§ **Given entries**
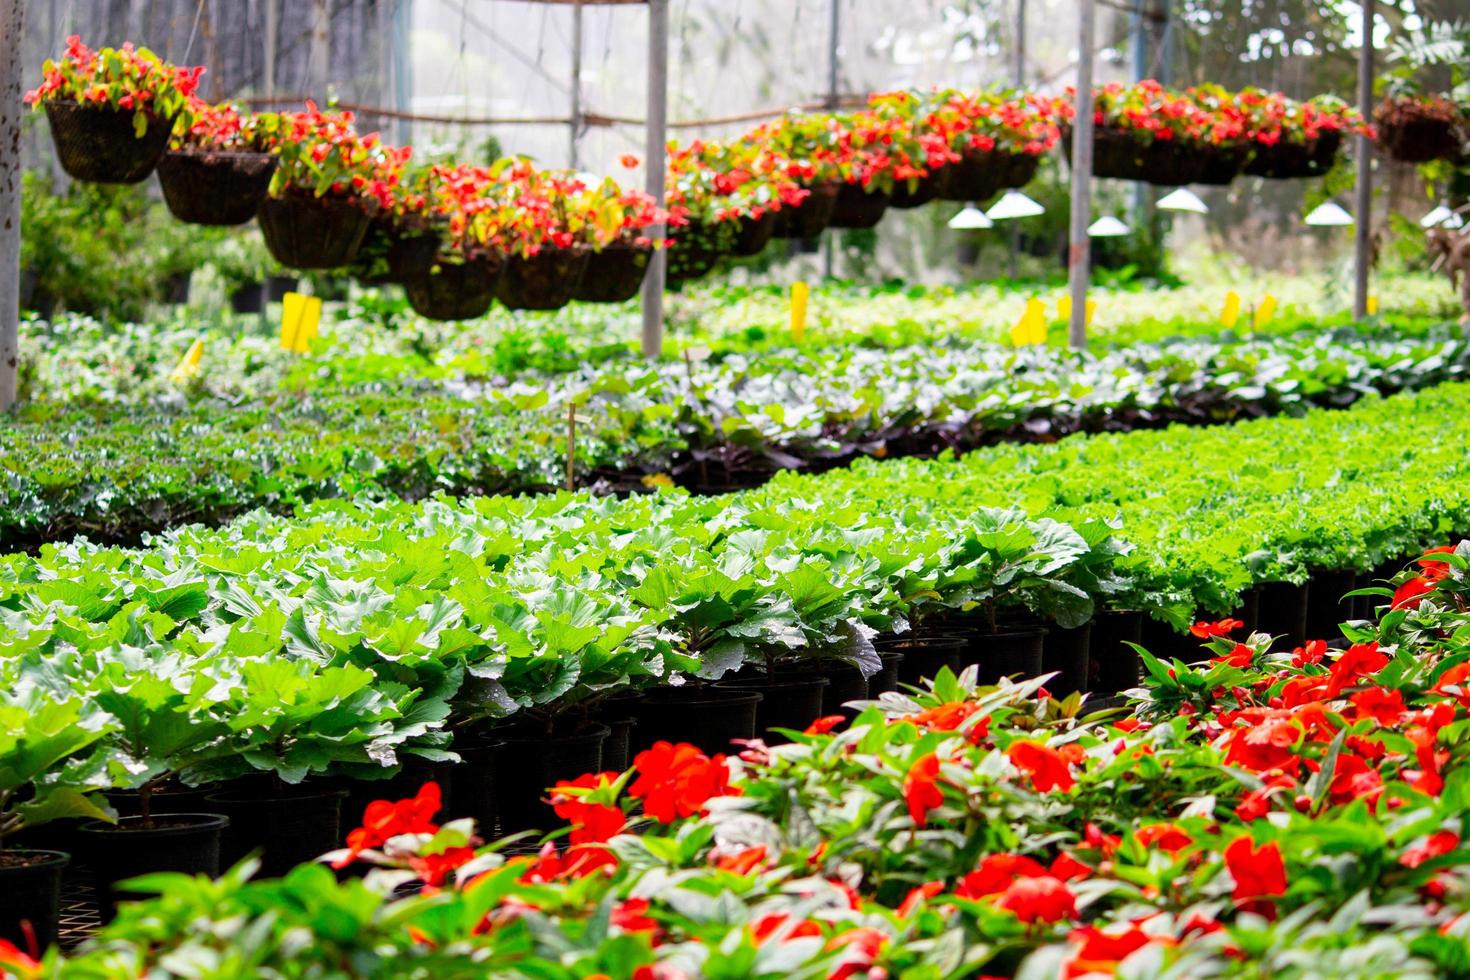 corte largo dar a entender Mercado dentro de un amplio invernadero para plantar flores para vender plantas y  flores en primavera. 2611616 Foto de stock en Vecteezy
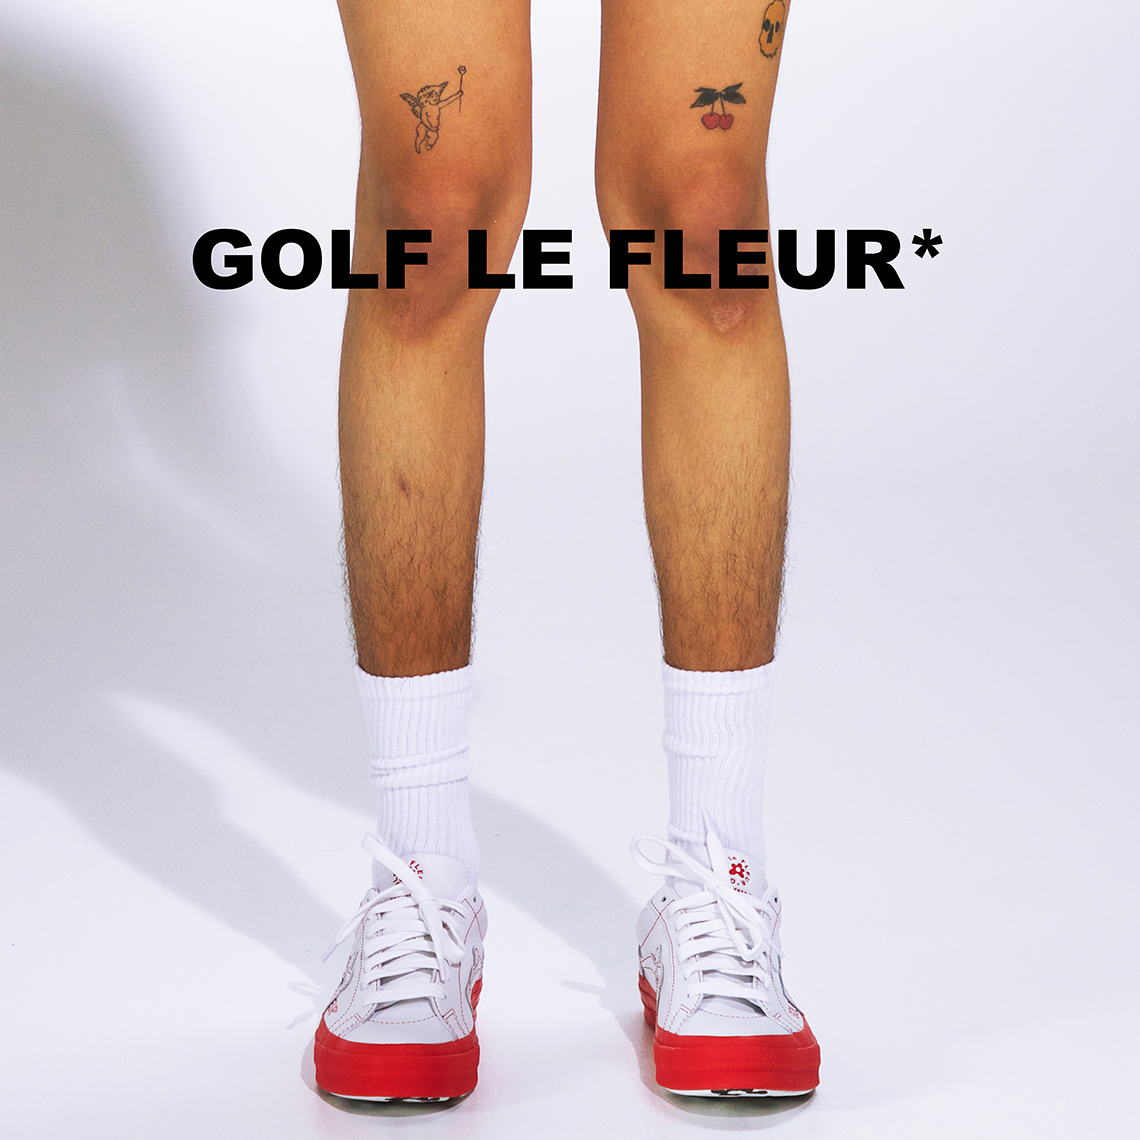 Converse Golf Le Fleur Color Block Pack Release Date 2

* * *

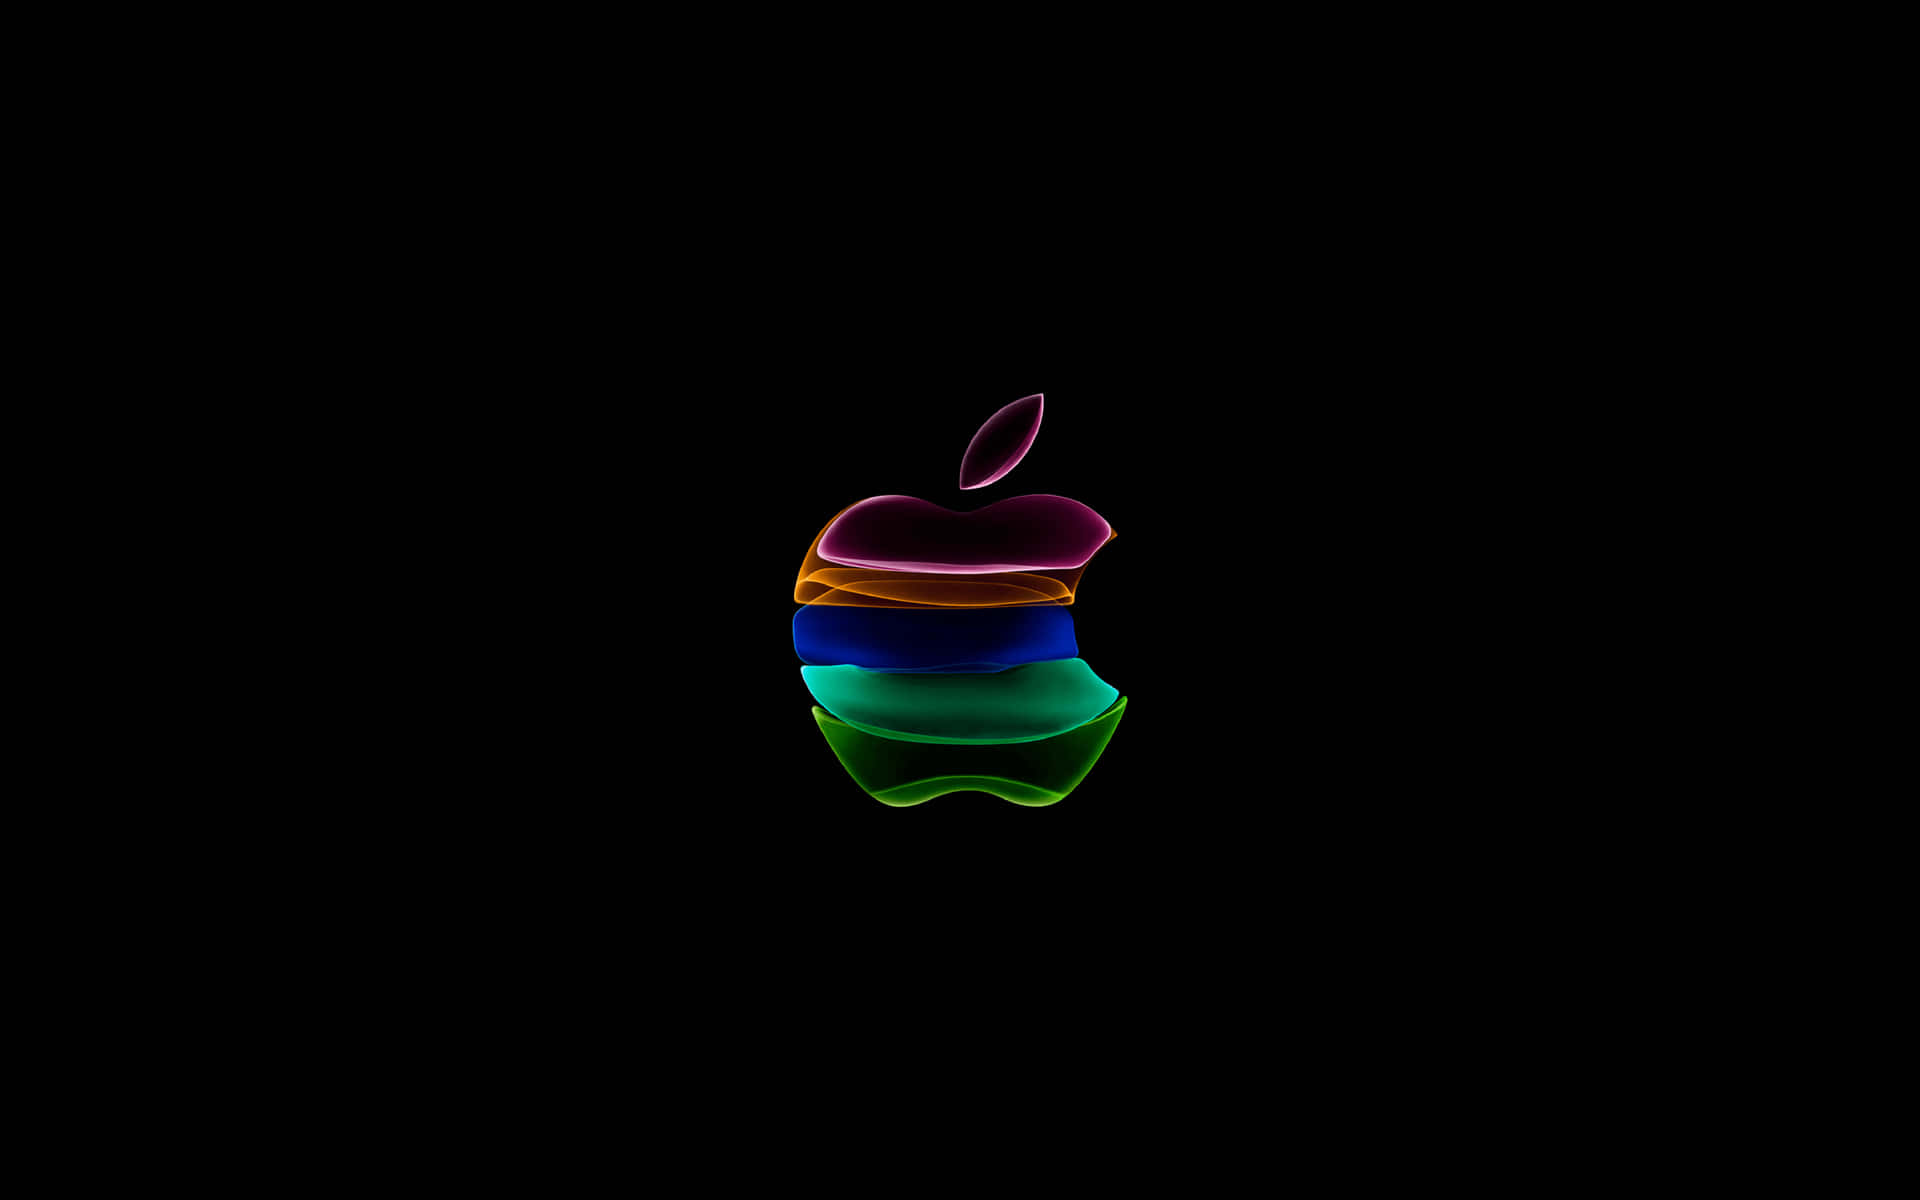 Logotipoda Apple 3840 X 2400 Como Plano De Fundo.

==

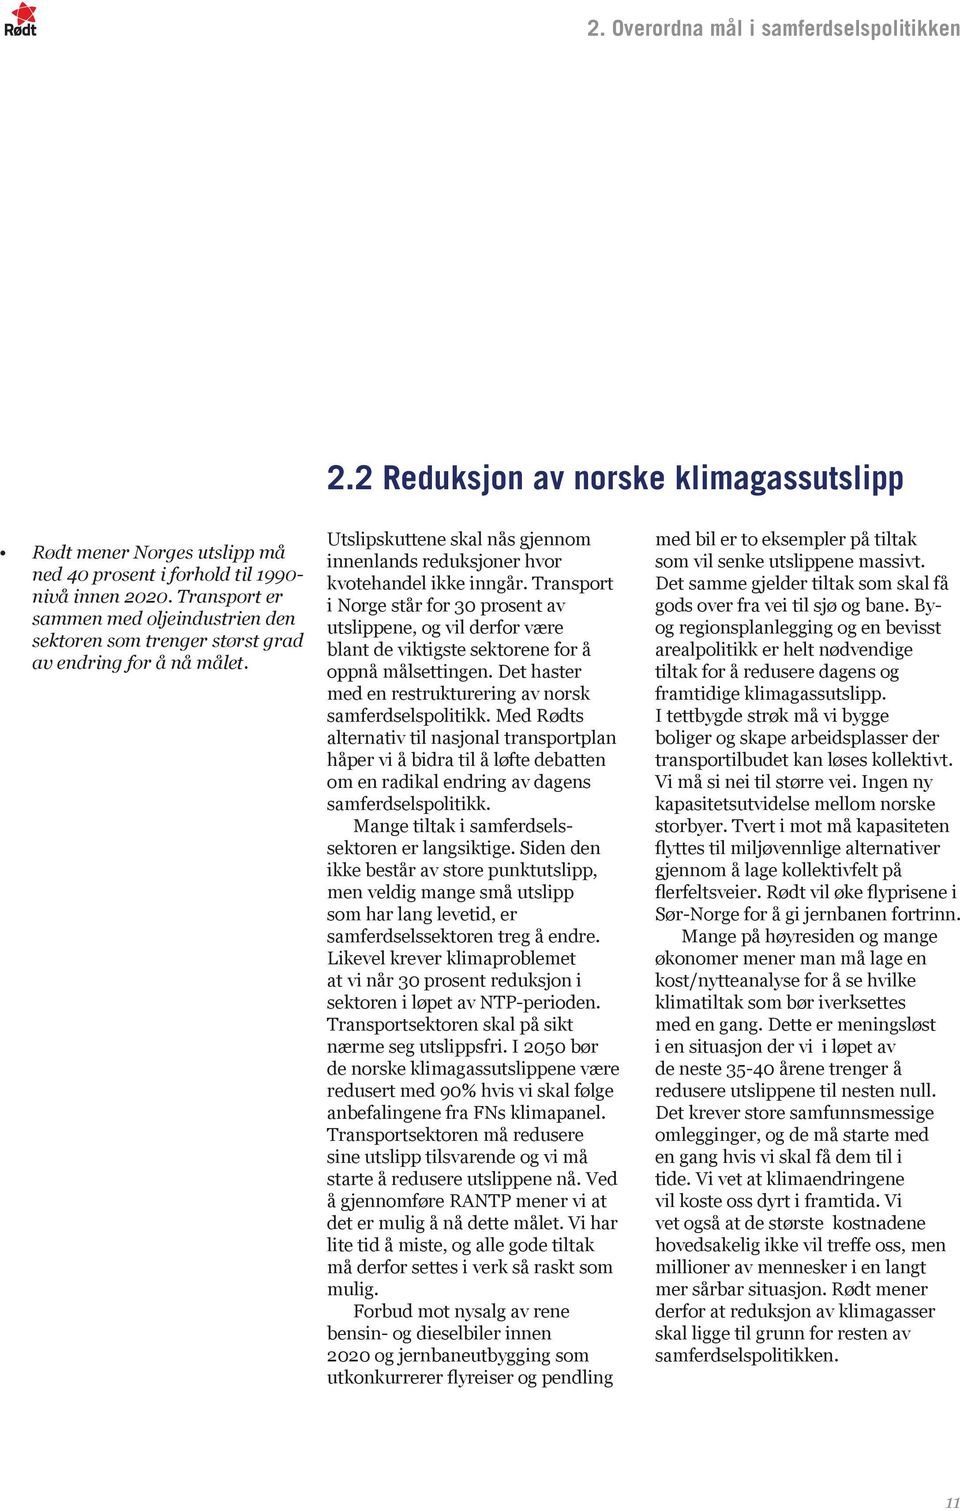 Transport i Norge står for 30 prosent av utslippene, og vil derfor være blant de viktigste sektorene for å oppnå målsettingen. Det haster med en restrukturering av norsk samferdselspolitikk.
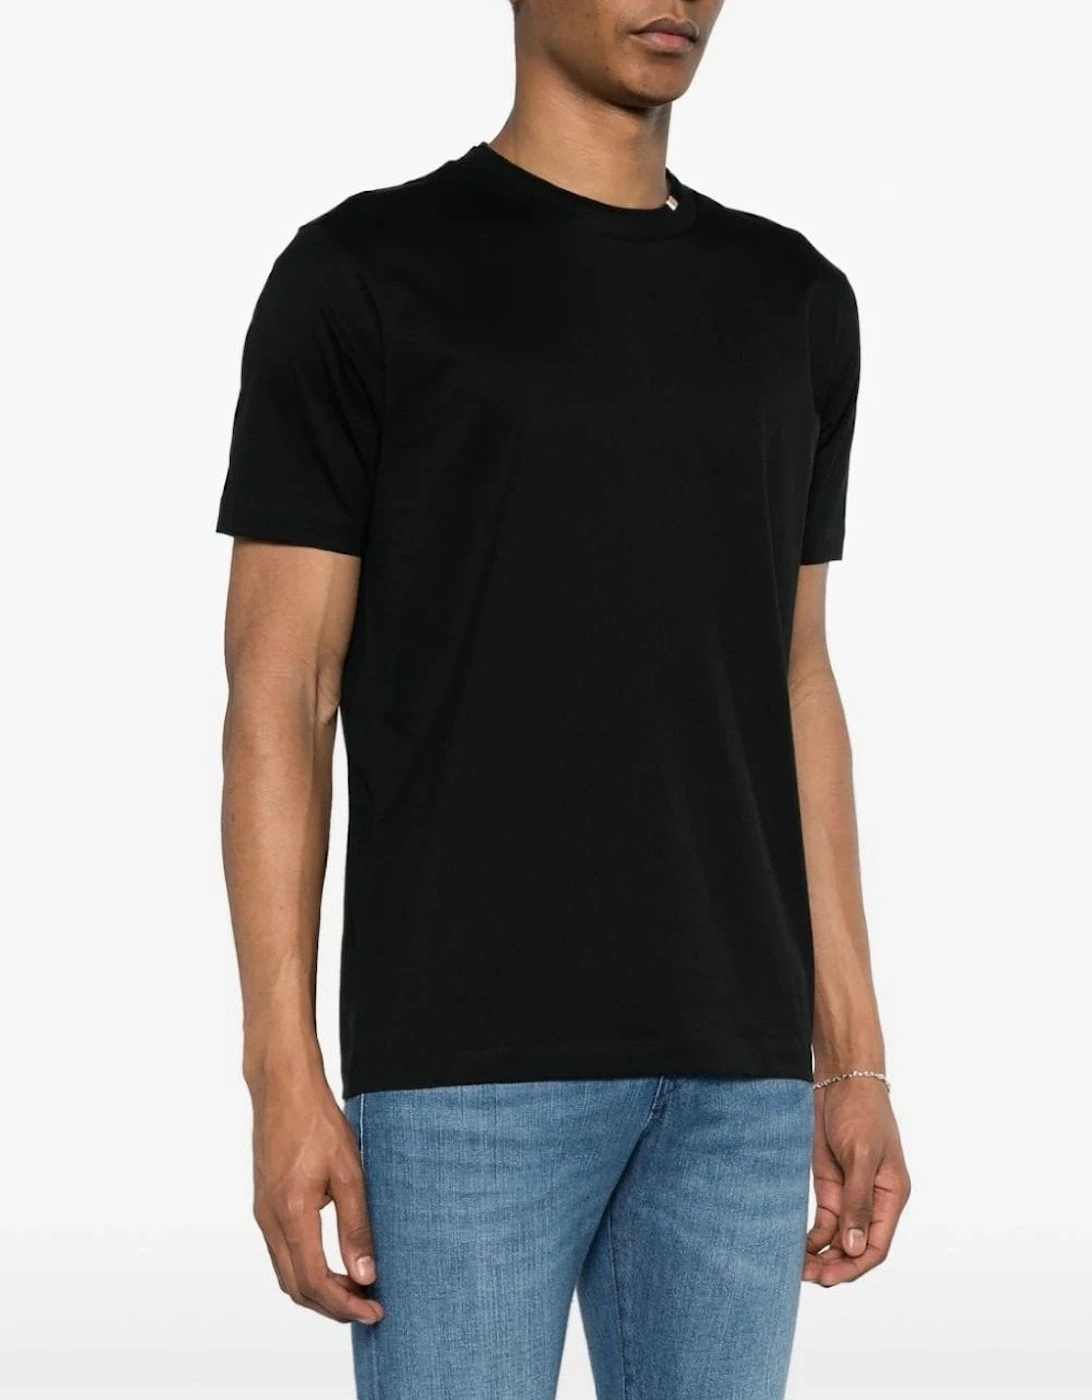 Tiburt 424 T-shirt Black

§ **Task**
The copy should hold exactly the lines above from the one with "corte largo dar" through the one with "Converse Golf Le", both ends counted, and no pictures at all.

§ **Response area**
 corte largo dar a entender Mercado dentro de un amplio invernadero para plantar flores para vender plantas y  flores en primavera. 2611616 Foto de stock en Vecteezy
 Converse Golf Le Fleur Color Block Pack Release Date 2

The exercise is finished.